In the 12th century the Hospital of the Blessed Virgin Mary was founded in Chichester. A community of brothers and sisters cared for the sick and the poor who needed a bed for the night. The hospital was moved from its original location in 1253 to its current location in St Martin's square, Chichester.

Under William Fleshmongers tenure St Mary's hospital was reorganised in 1528. The warden of the hospital was to be a priest. The priest was to visit the hospital once a month to ensure that mass was celebrated. Accounts were to be produced once a year for the dean and chapter. After the reorganisation it lost its hospital status. (Note: In 1582 its hospital status was re-established under an Elizabethan statute) It became an almshouse with accommodation for five poor brethren and sisters ‘worn down with age and infirmity’. Fleshmonger is credited with being the almshouse founder and first custos.

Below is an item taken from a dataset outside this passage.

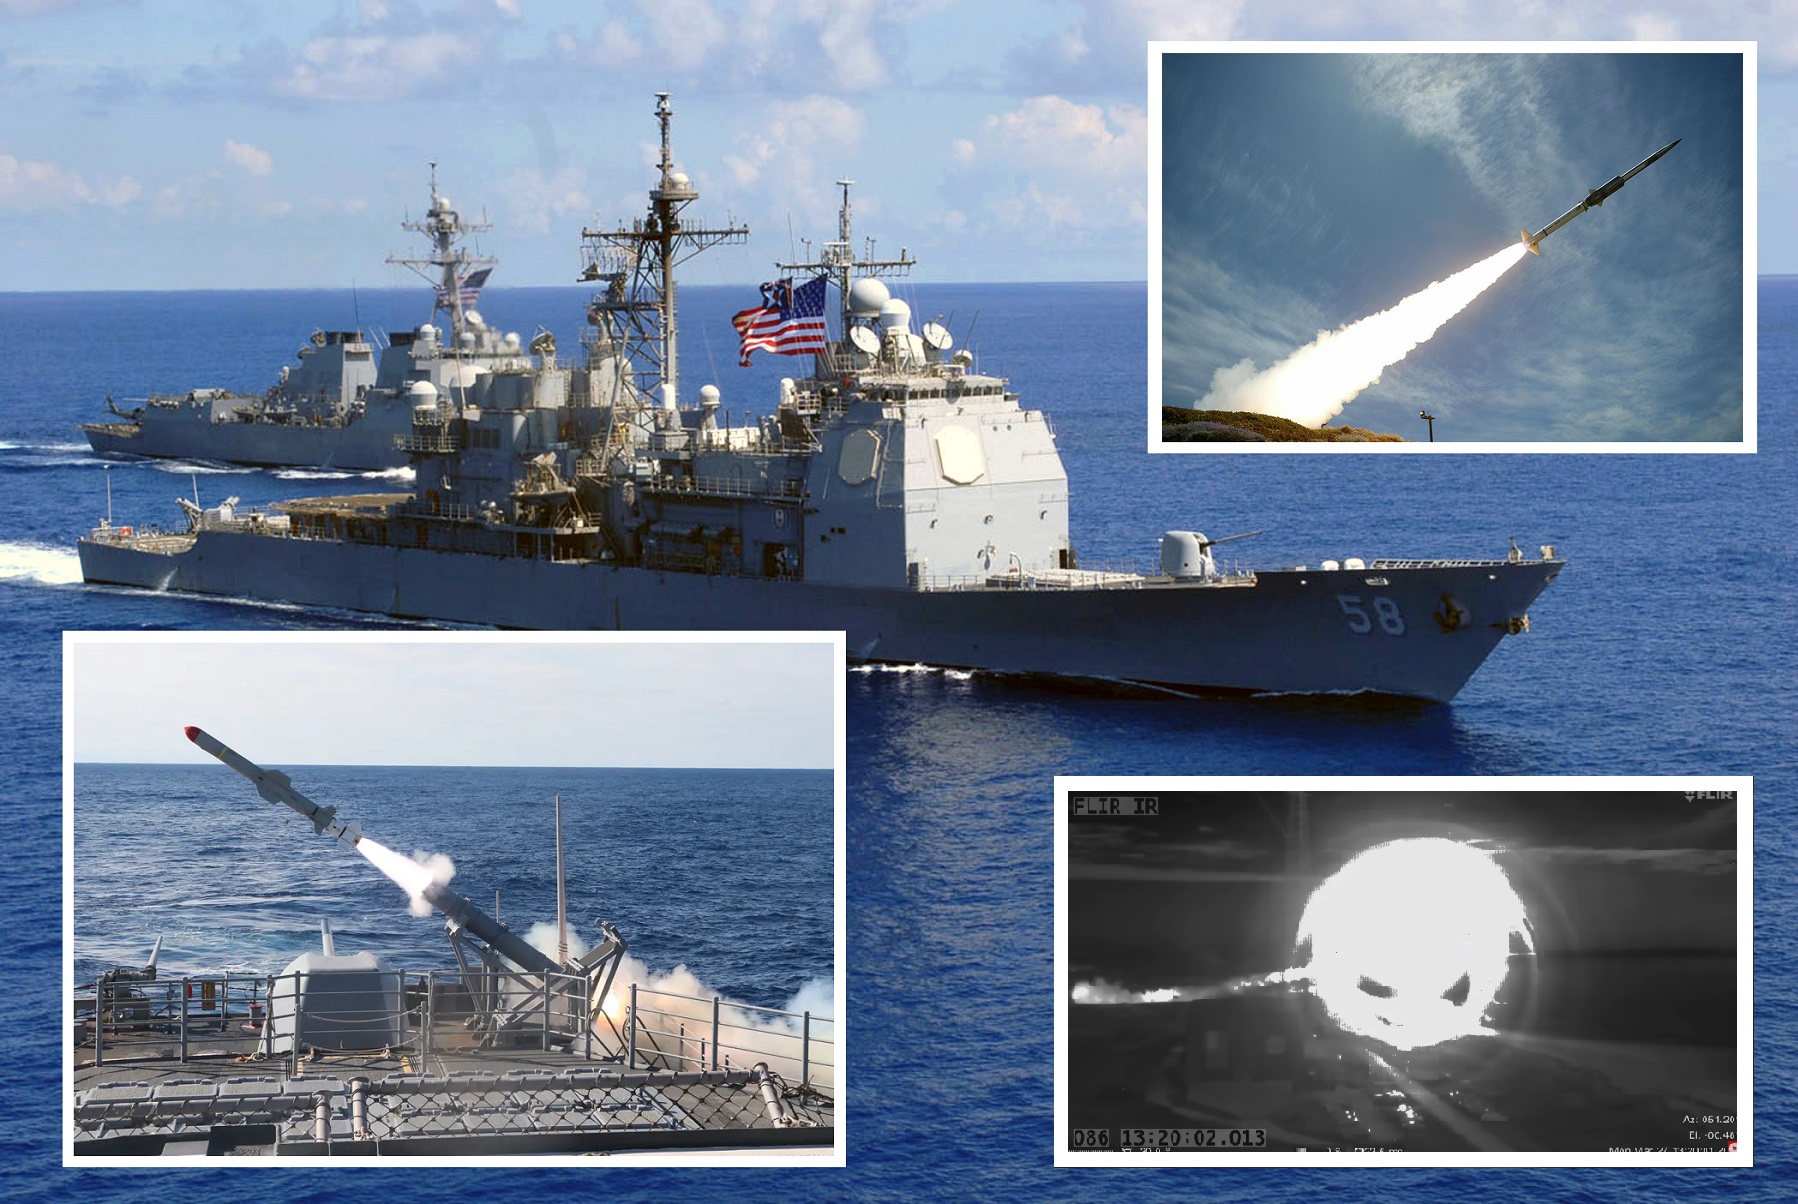 Le destroyer USS Mason et le croiseur USS Philippine ont détruit la cible supersonique GQM-163 Coyote avec deux missiles SM-2 en quelques secondes.

===Chichester Cathedral choir===
In 1536 it cost the cathedral £17 6s 8d (Note: £ - pound, s - shilling, d- penny.) (Note: In 2017 the equivalent buying power of £17 6s 8d was approximately £7,303.52.

In 1540, you could buy one of the following with £17 6s 8d:
- 3 Horses or 13 Cows.
- It would be the equivalent of 577 days wages for a skilled tradesman.) to accommodate and clothe the members of the choir, Fleshmonger provided 40s (£2 modern equivalent) a year subsidy to the choir to supply 'shurtes, hoses and shoys' .

===Legacy===
In 1548-49 (after Fleshmonger's death), the king under the abolition of chantries act claimed Fleshmonger's annuity. However, an amicable arrangement was arrived at whereby the city of Chichester and its cathedral benefited rather than the crown.